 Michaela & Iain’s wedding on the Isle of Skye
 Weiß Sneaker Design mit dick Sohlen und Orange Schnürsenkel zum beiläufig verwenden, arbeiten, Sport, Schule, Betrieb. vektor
---
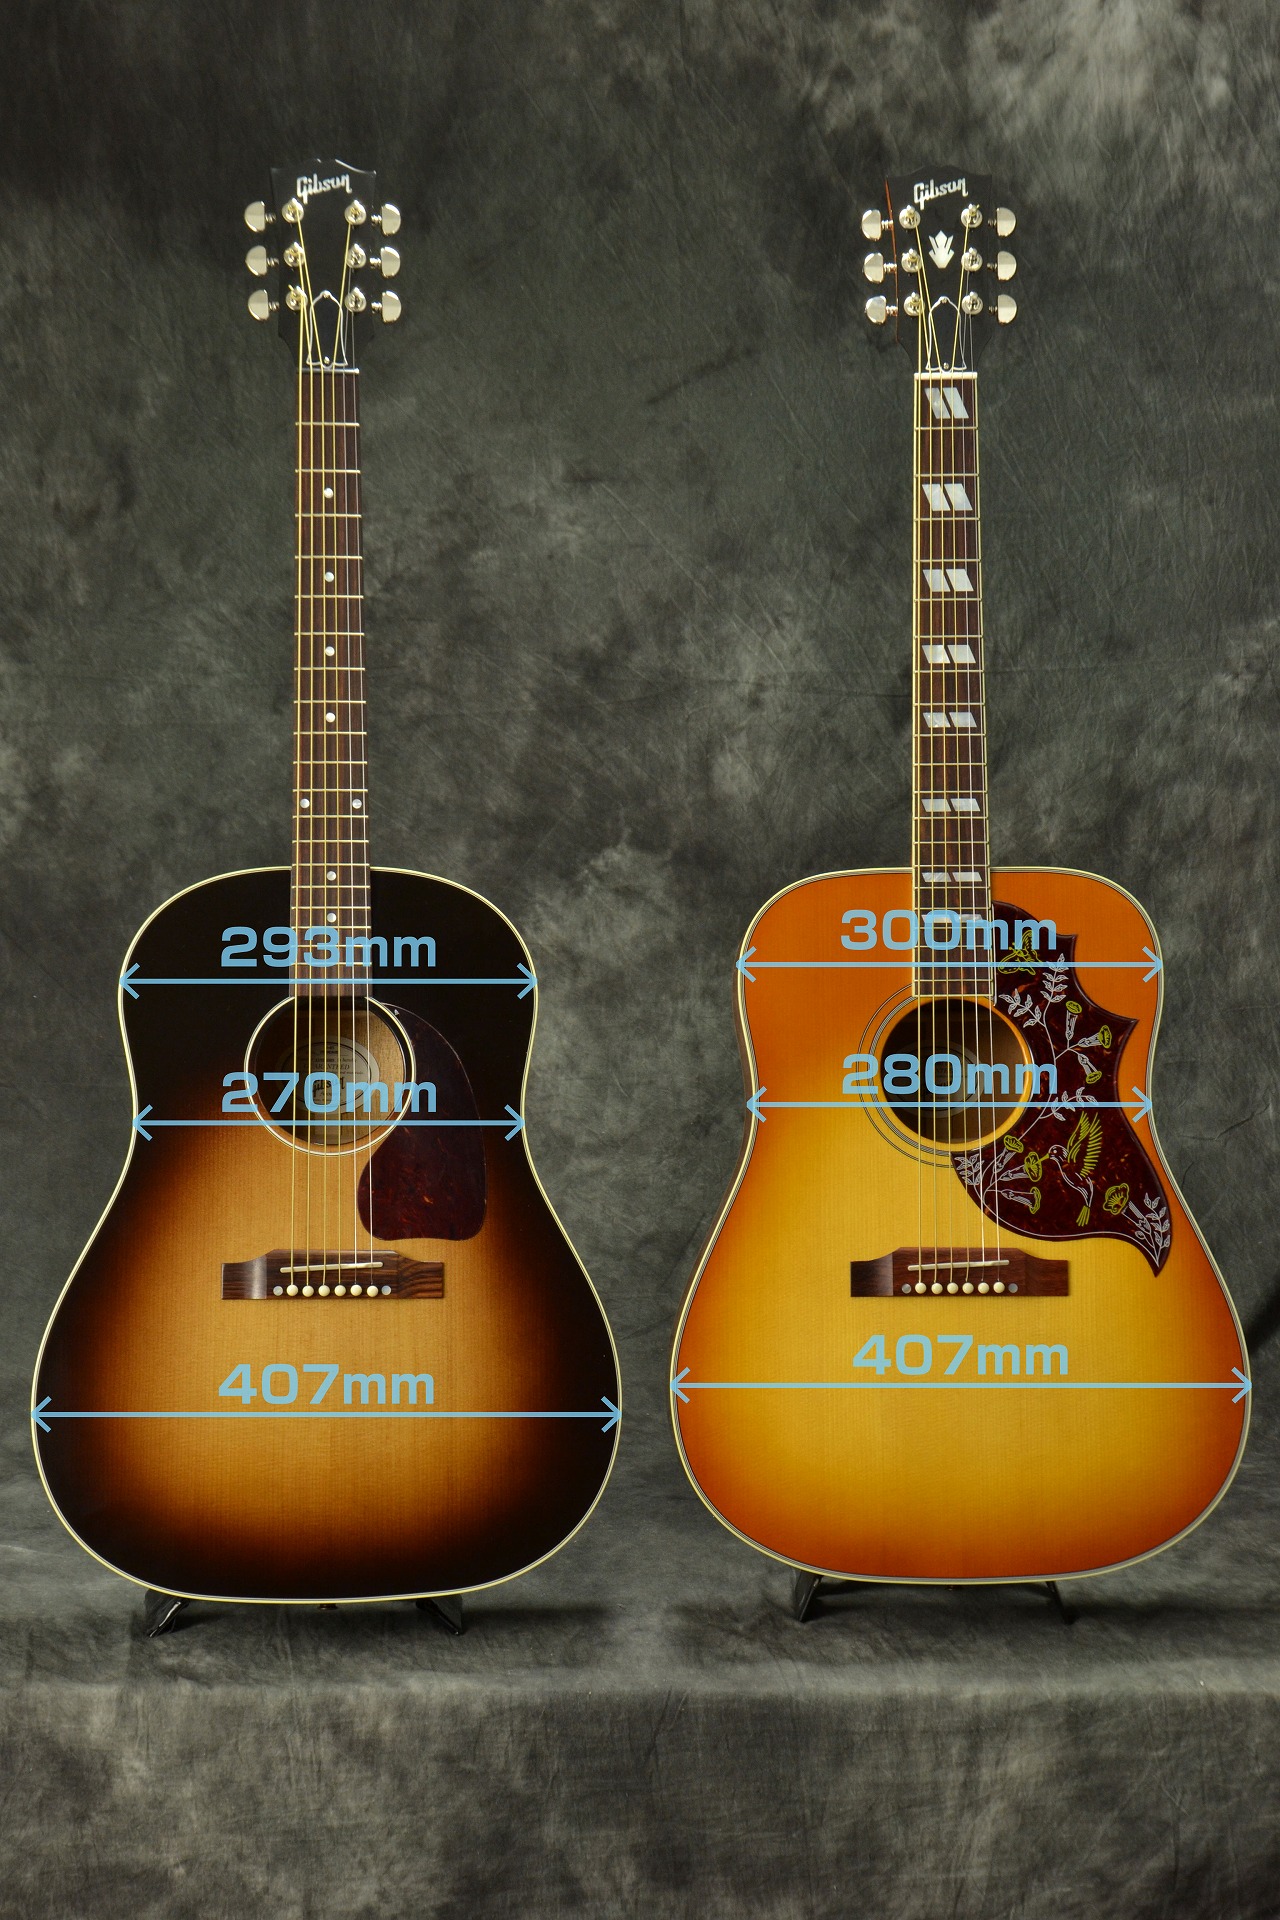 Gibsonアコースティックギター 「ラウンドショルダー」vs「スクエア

Exercise aim. In the listing above, find the line with "Michaela & Iain’s" and the line with "Weiß Sneaker Design", then reproduce both and every line between them exactly.

Output for this exercise.
 Michaela & Iain’s wedding on the Isle of Skye
 Weiß Sneaker Design mit dick Sohlen und Orange Schnürsenkel zum beiläufig verwenden, arbeiten, Sport, Schule, Betrieb. vektor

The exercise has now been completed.